His Holiness Pope Saint John Paul II (Stations Of The Cross At The Colosseum, Good Friday 2002)
“…Eternal damnation remains a possibility, but we are not granted, without special divine revelation,** the knowledge of whether** or which human beings are effectively involved in it…”
His Holiness Pope Saint John Paul II (General Audience — July 28, 1999)
Pope Emeritus Benedict XVI stated in Spe Salvi that we could harbour a reasonable expectation that the majority of people are not in hell, although some gravely sinful souls will be. This is in direct conflict to what you claim as Catholic doctrine above:
vatican.va/holy_father/benedict_xvi/encyclicals/documents/hf_ben-xvi_enc_20071130_spe-salvi_en.html
"…With death, our life-choice becomes definitive—our life stands before the judge. Our choice, which in the course of an entire life takes on a certain shape, can have a variety of forms. There can be people who have totally destroyed their desire for truth and readiness to love, people for whom everything has become a lie, people who have lived for hatred and have suppressed all love within themselves. This is a terrifying thought, but alarming profiles of this type can be seen in certain figures of our own history.** In such people all would be beyond remedy and the destruction of good would be irrevocable: this is what we mean by the word Hell**[37]. On the other hand there can be people who are utterly pure, completely permeated by God, and thus fully open to their neighbours—people for whom communion with God even now gives direction to their entire being and whose journey towards God only brings to fulfilment what they already are.
- Yet we know from experience that neither case is normal in human life. For the great majority of people—we may suppose—there remains in the depths of their being an ultimate interior openness to truth, to love, to God. In the concrete choices of life, however, it is covered over by ever new compromises with evil—much filth covers purity, but the thirst for purity remains and it still constantly re-emerges from all that is base and remains present in the soul.

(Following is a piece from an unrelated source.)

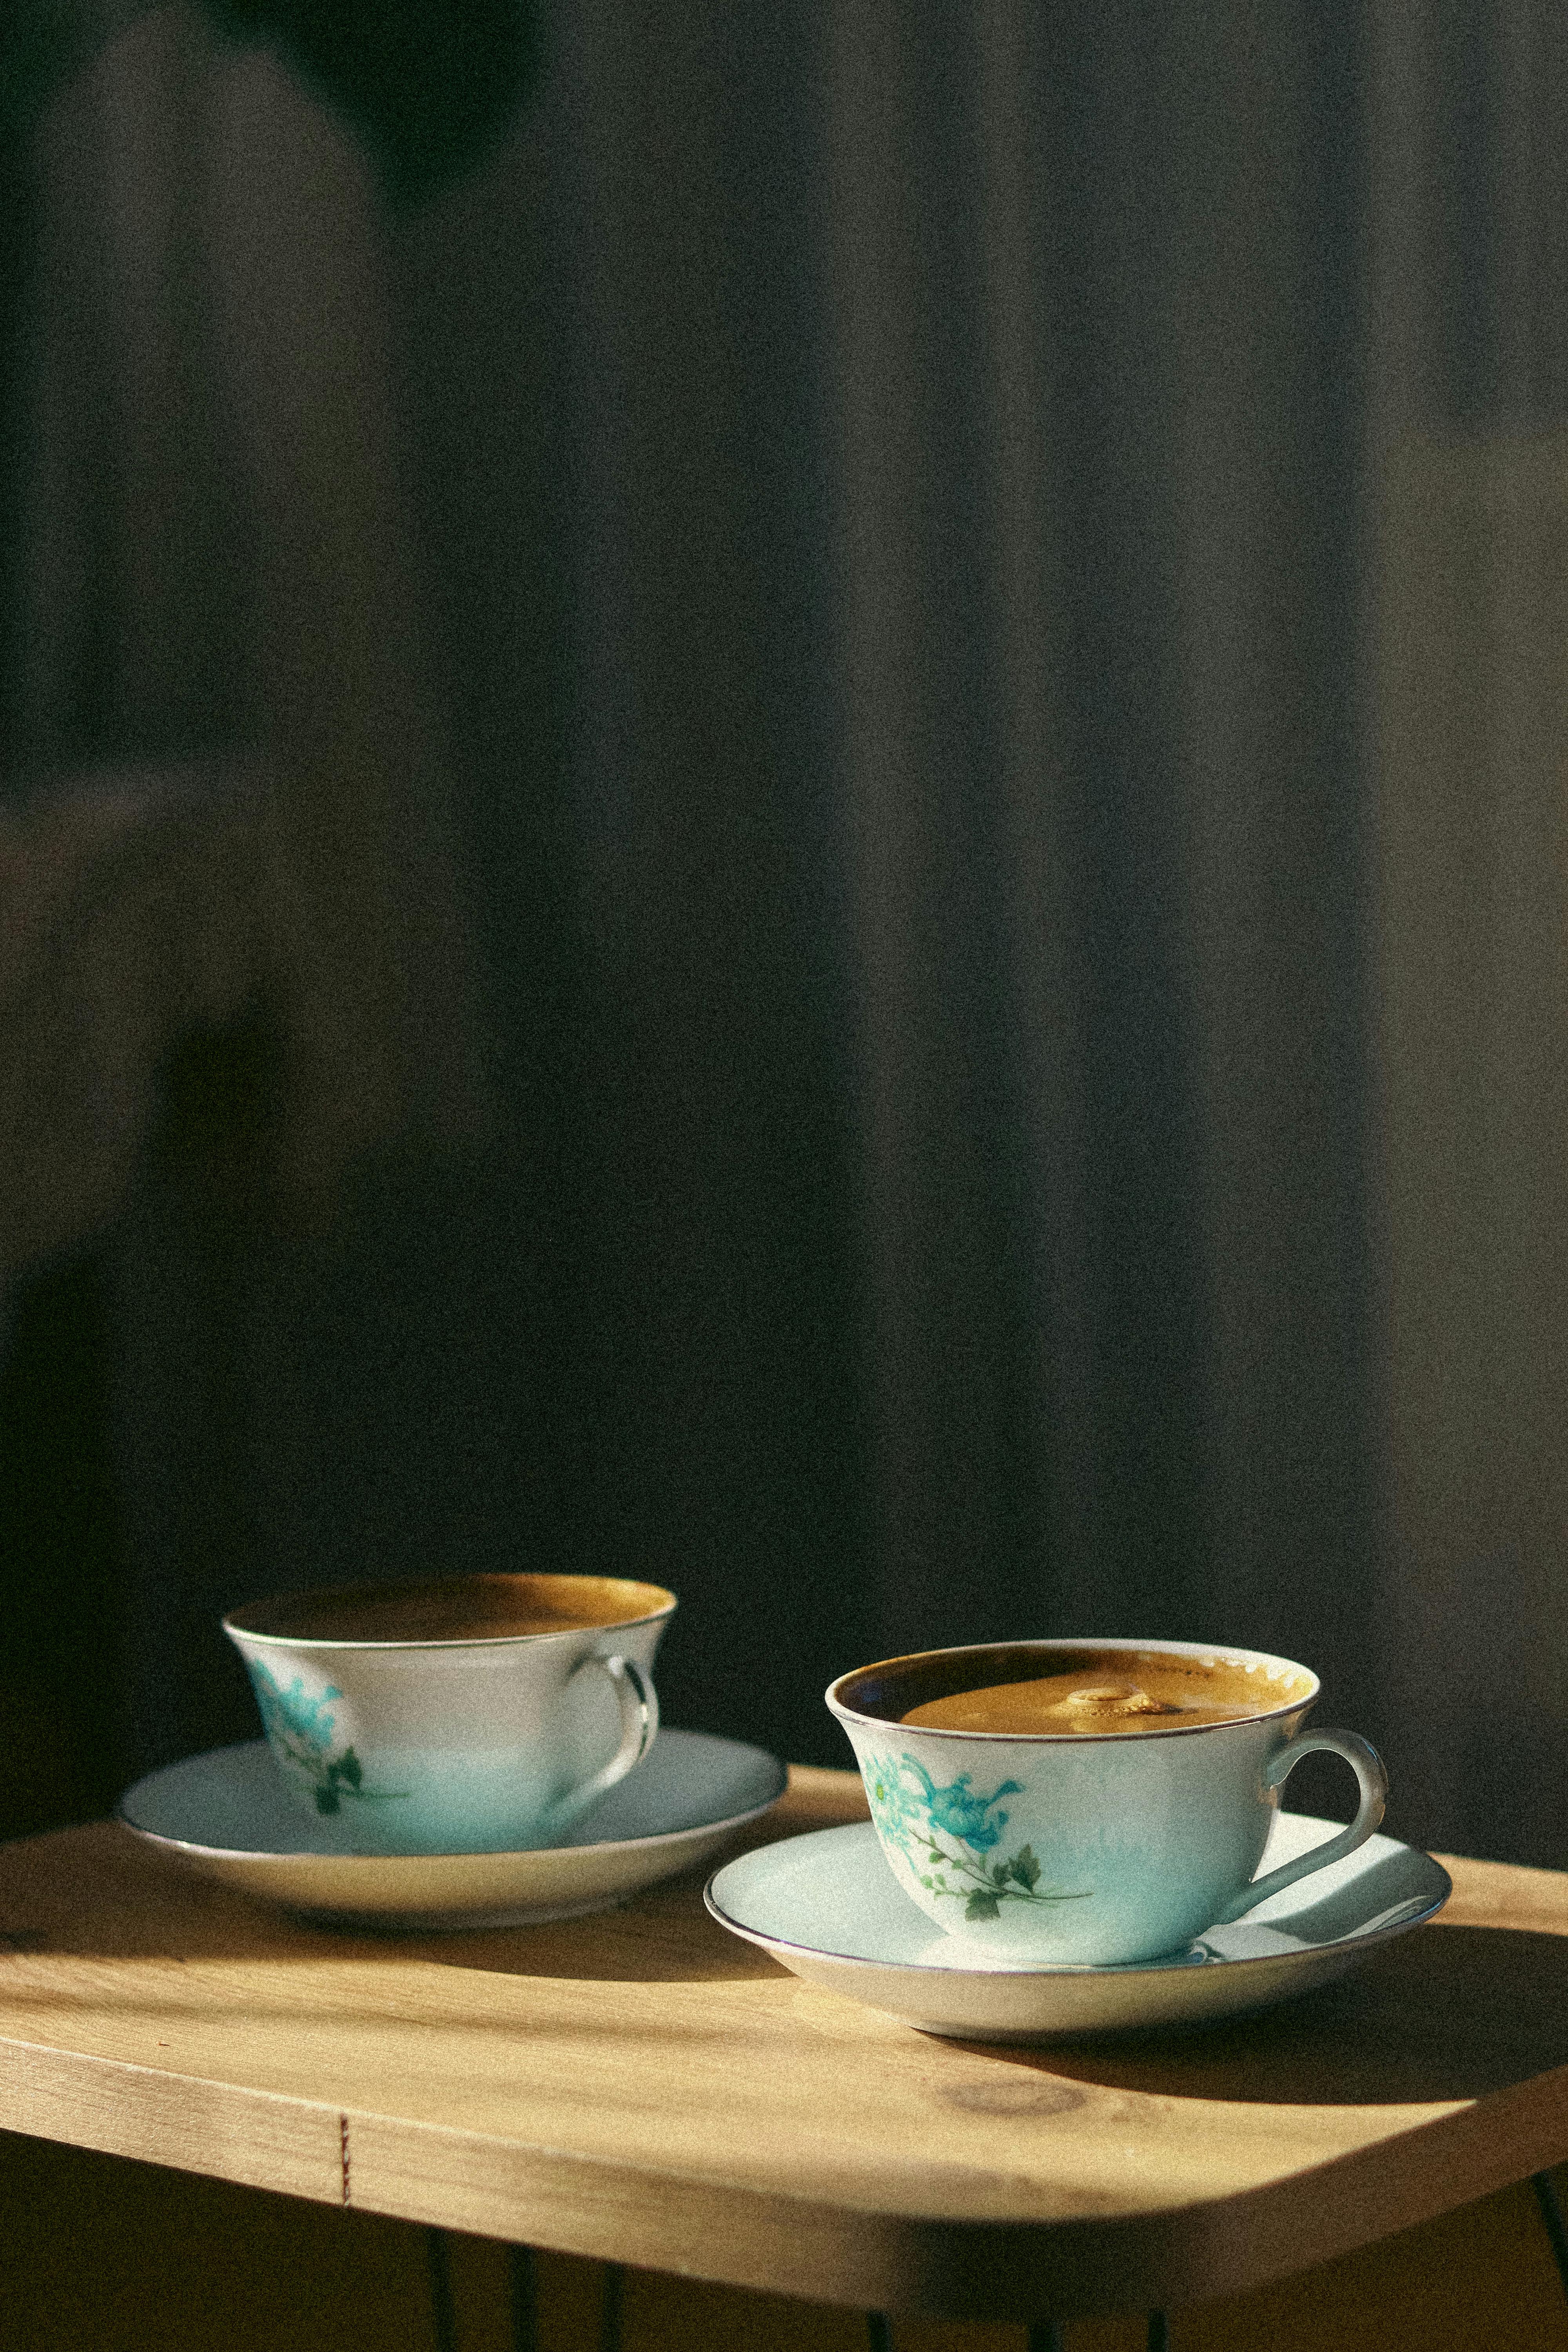 Deux tasses de café | Source : Pexels

What happens to such individuals when they appear before the Judge?… In this text, it is in any case evident that our salvation can take different forms, that some of what is built may be burned down, that in order to be saved we personally have to pass through “fire” so as to become fully open to receiving God and able to take our place at the table of the eternal marriage-feast…
- Some recent theologians are of the opinion that the fire which both burns and saves is Christ himself, the Judge and Saviour. The encounter with him is the decisive act of judgement. Before his gaze all falsehood melts away. This encounter with him, as it burns us, transforms and frees us, allowing us to become truly ourselves. All that we build during our lives can prove to be mere straw, pure bluster, and it collapses. Yet in the pain of this encounter, when the impurity and sickness of our lives become evident to us, there lies salvation. His gaze, the touch of his heart heals us through an undeniably painful transformation “as through fire”. But it is a blessed pain, in which the holy power of his love sears through us like a flame, enabling us to become totally ourselves and thus totally of God…"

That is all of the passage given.